→ MATERIAL FOR THIS EXERCISE:
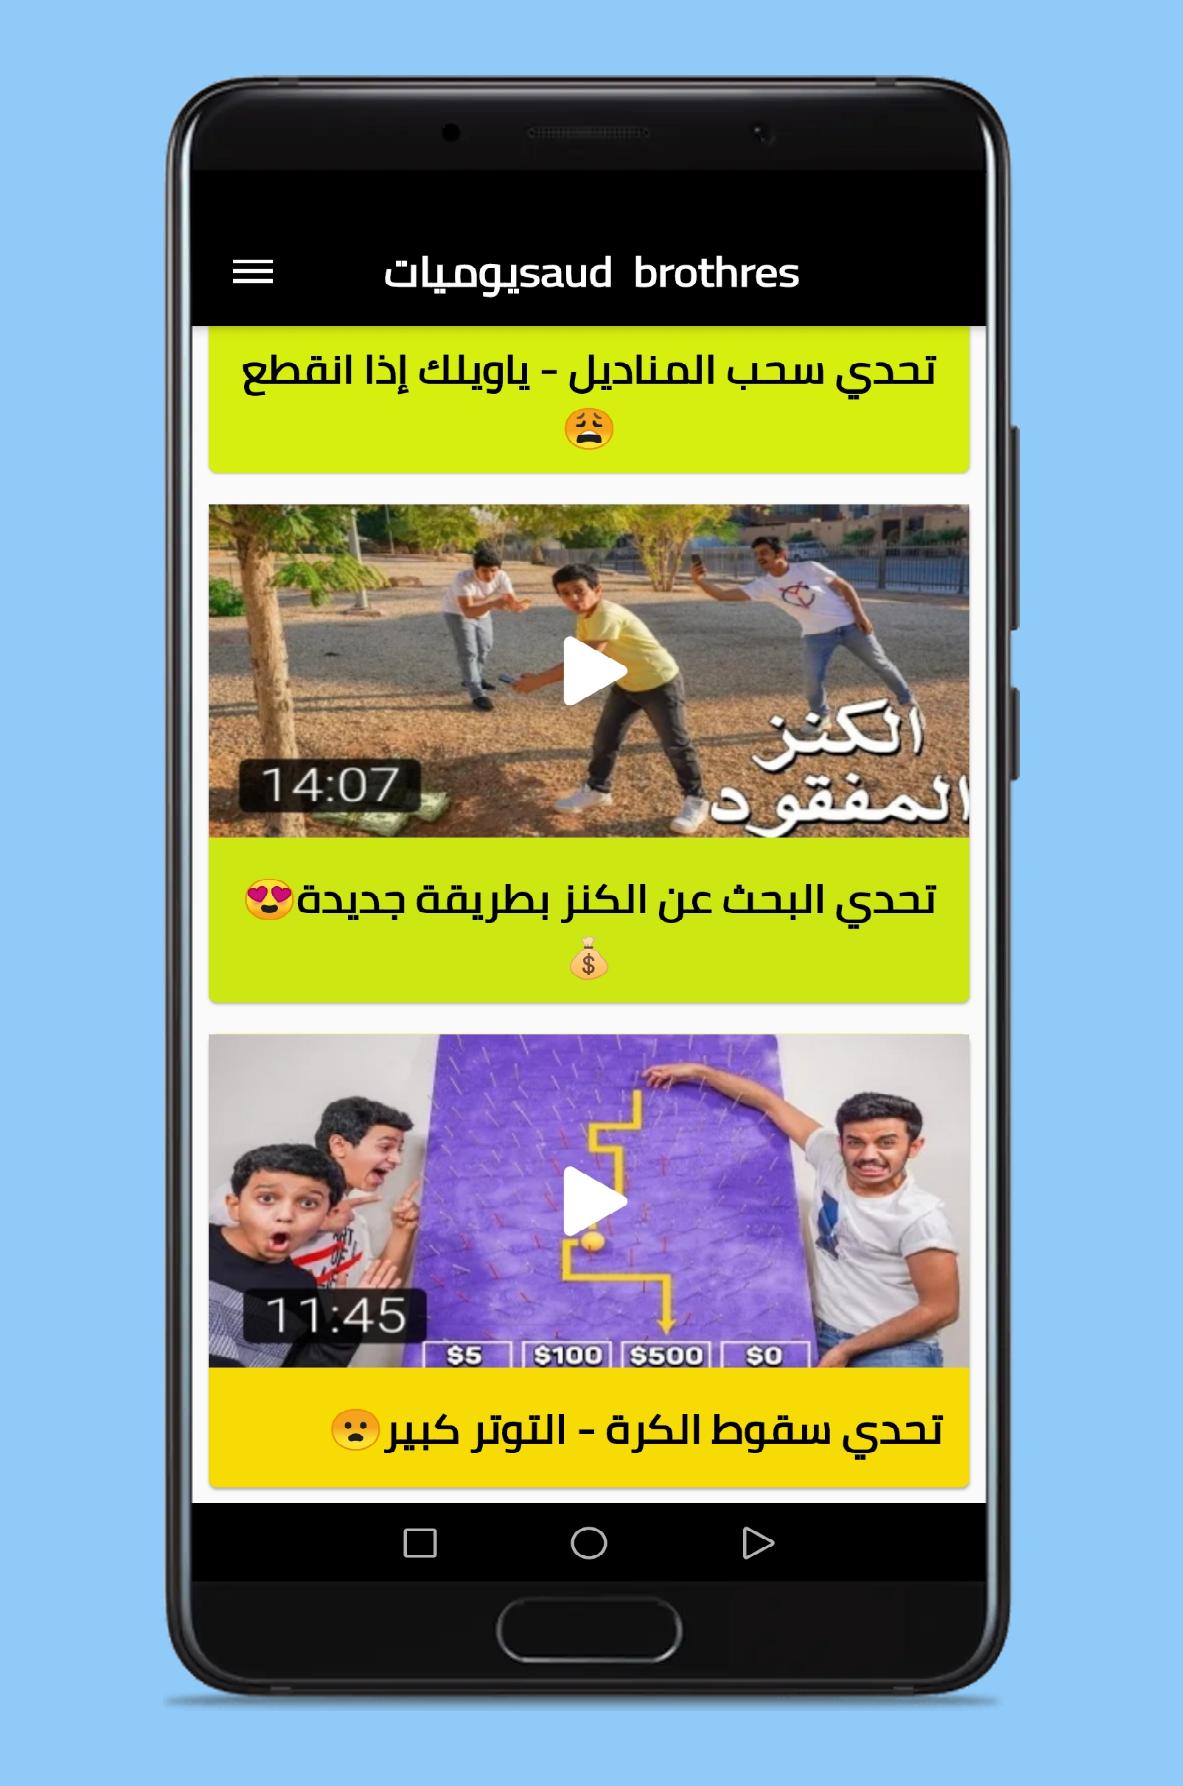 يوميات Saud brothers. APK for Android Download
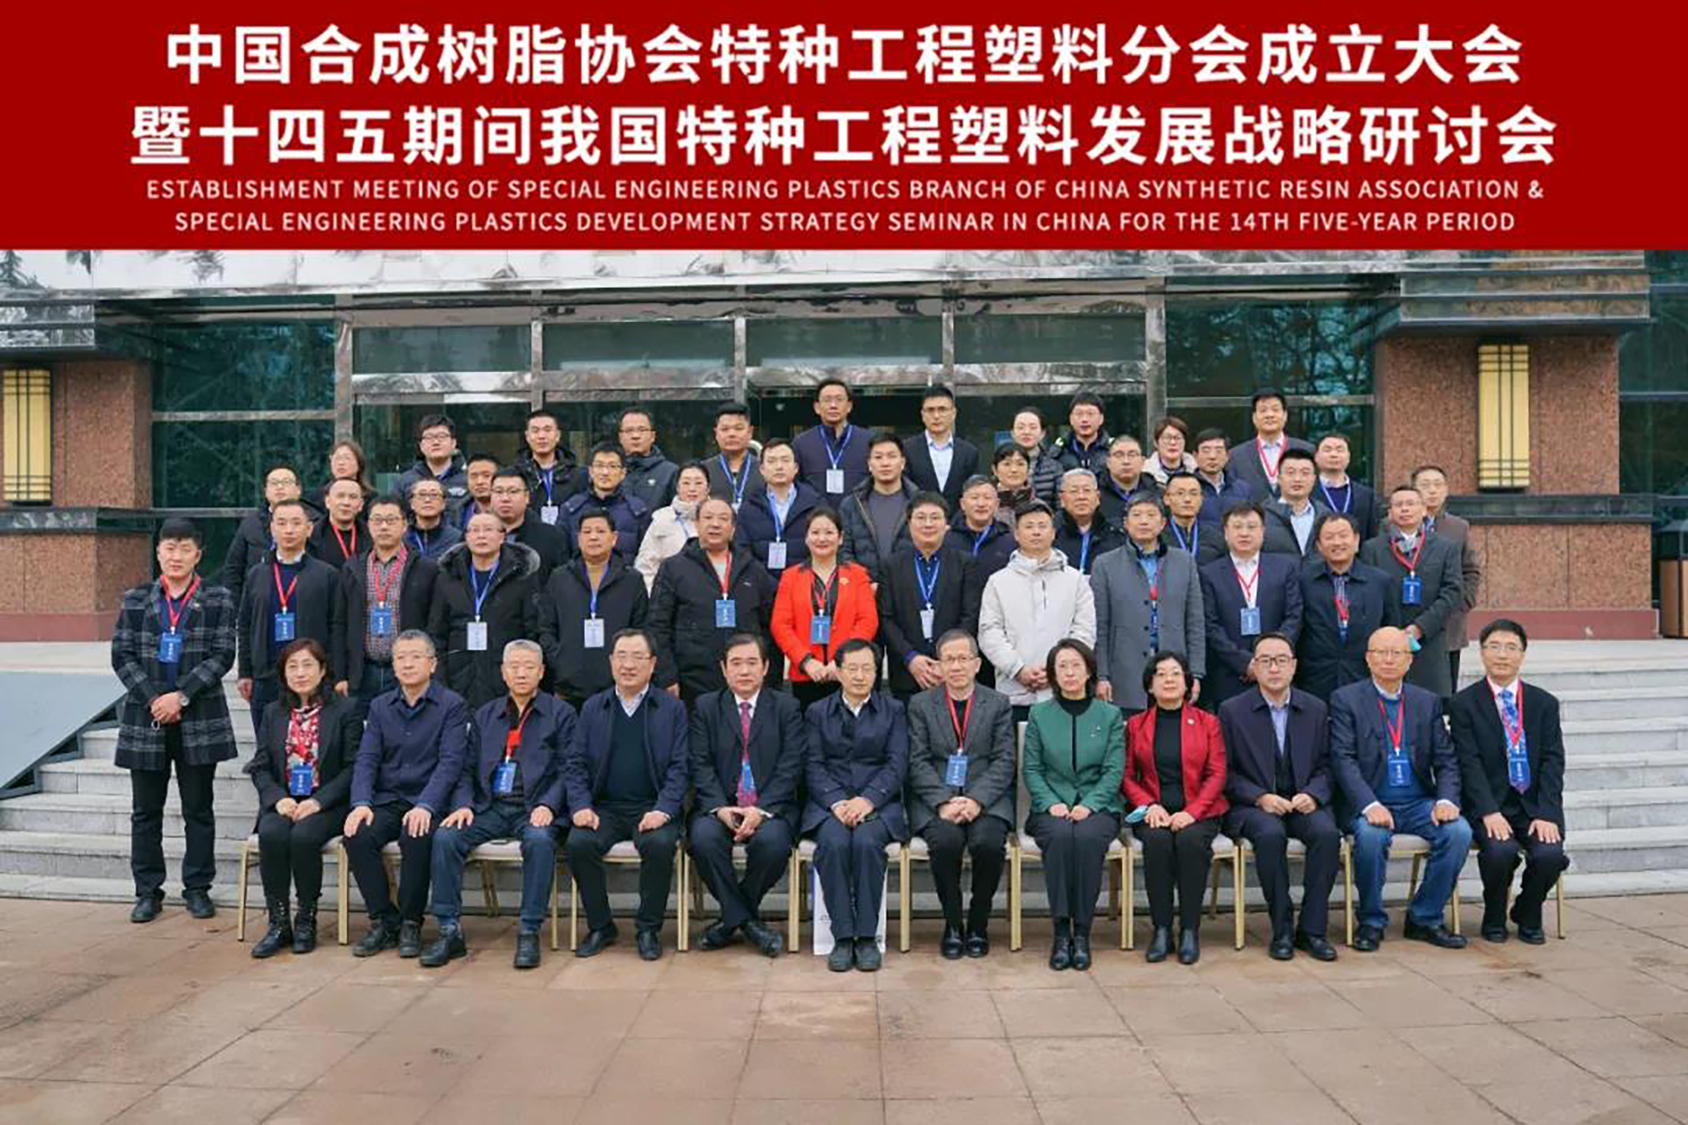 热烈庆祝中国合成树脂协会特种工程塑料分会成立大会成功召开 
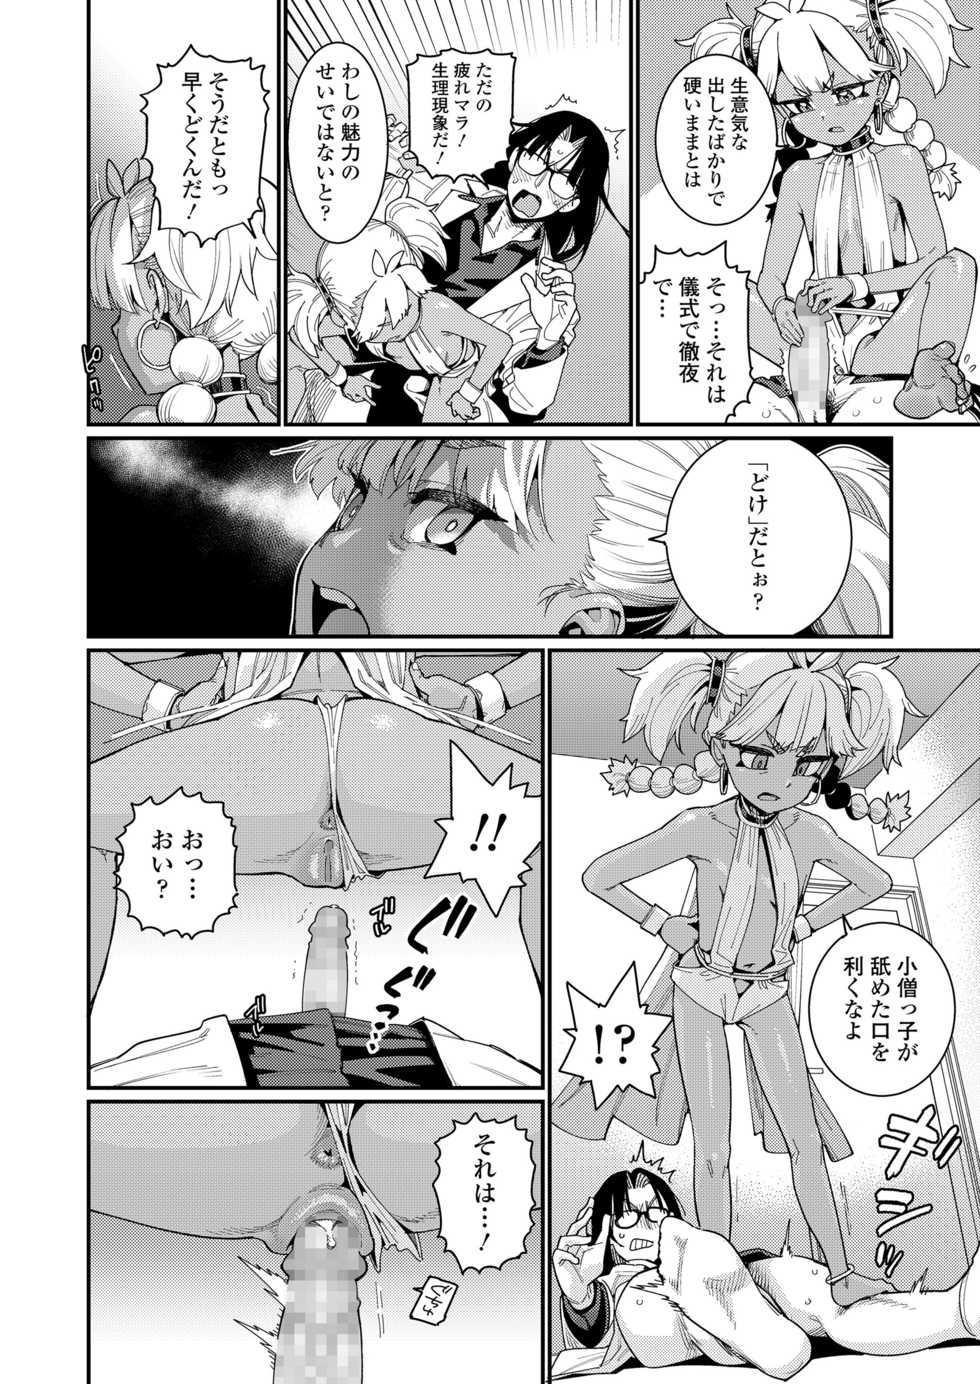 Towako 10 [Digital] - Page 16
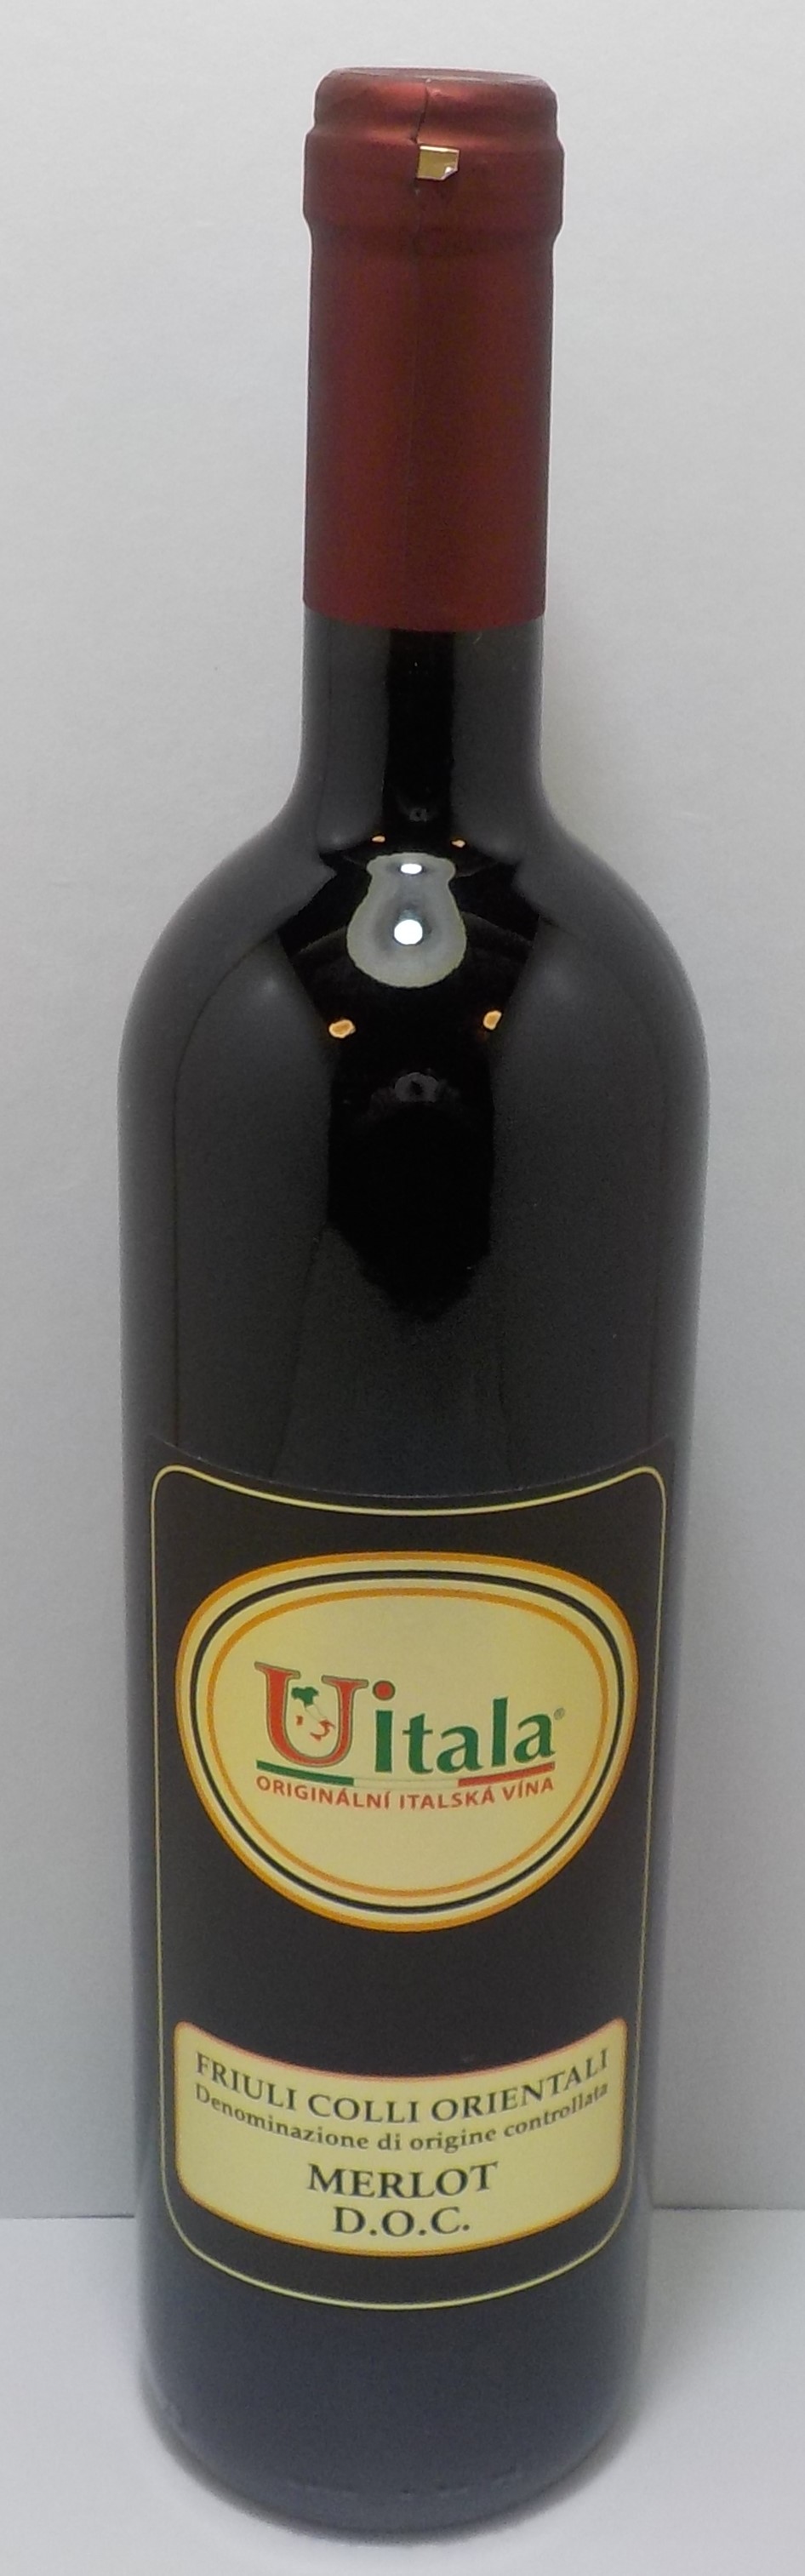 MERLOT D.O.C.Vino ,ROČNÍK 2021 červené víno, ZNAČKA U ITALA, 750ml,12,8 %alko
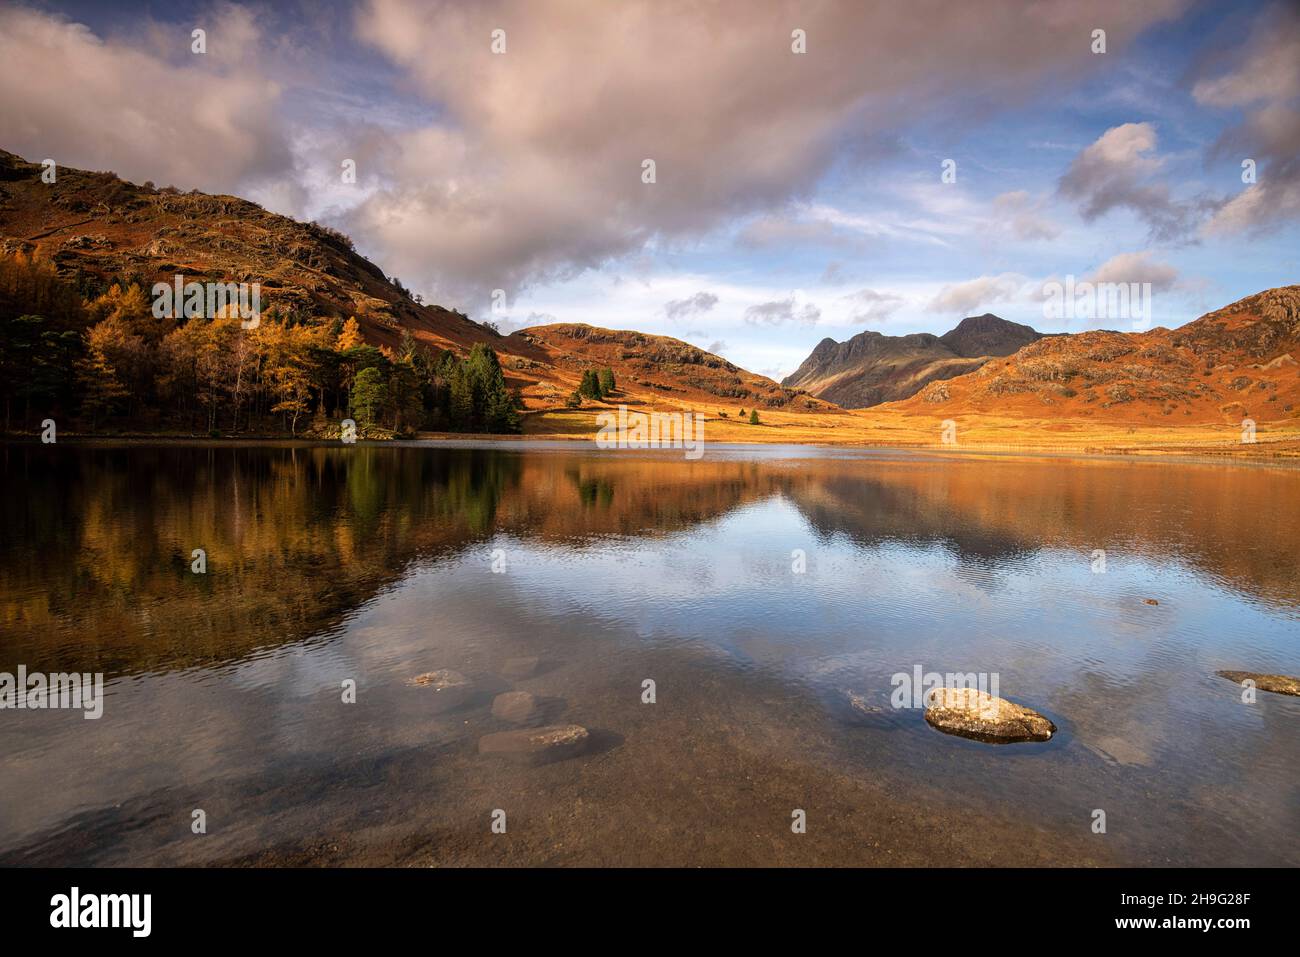 Réflexions d'automne à Blea Tarn dans le Lake District, Cumbria Angleterre Royaume-Uni Banque D'Images

→ DIRECTIONS FOR THIS TASK: Repeat each of the entries above exactly, but do not carry over the pictures.

→ EXERCISE RESPONSE:
 يوميات Saud brothers. APK for Android Download
 热烈庆祝中国合成树脂协会特种工程塑料分会成立大会成功召开 
 Towako 10 [Digital] - Page 16
 MERLOT D.O.C.Vino ,ROČNÍK 2021 červené víno, ZNAČKA U ITALA, 750ml,12,8 %alko
 Réflexions d'automne à Blea Tarn dans le Lake District, Cumbria Angleterre Royaume-Uni Banque D'Images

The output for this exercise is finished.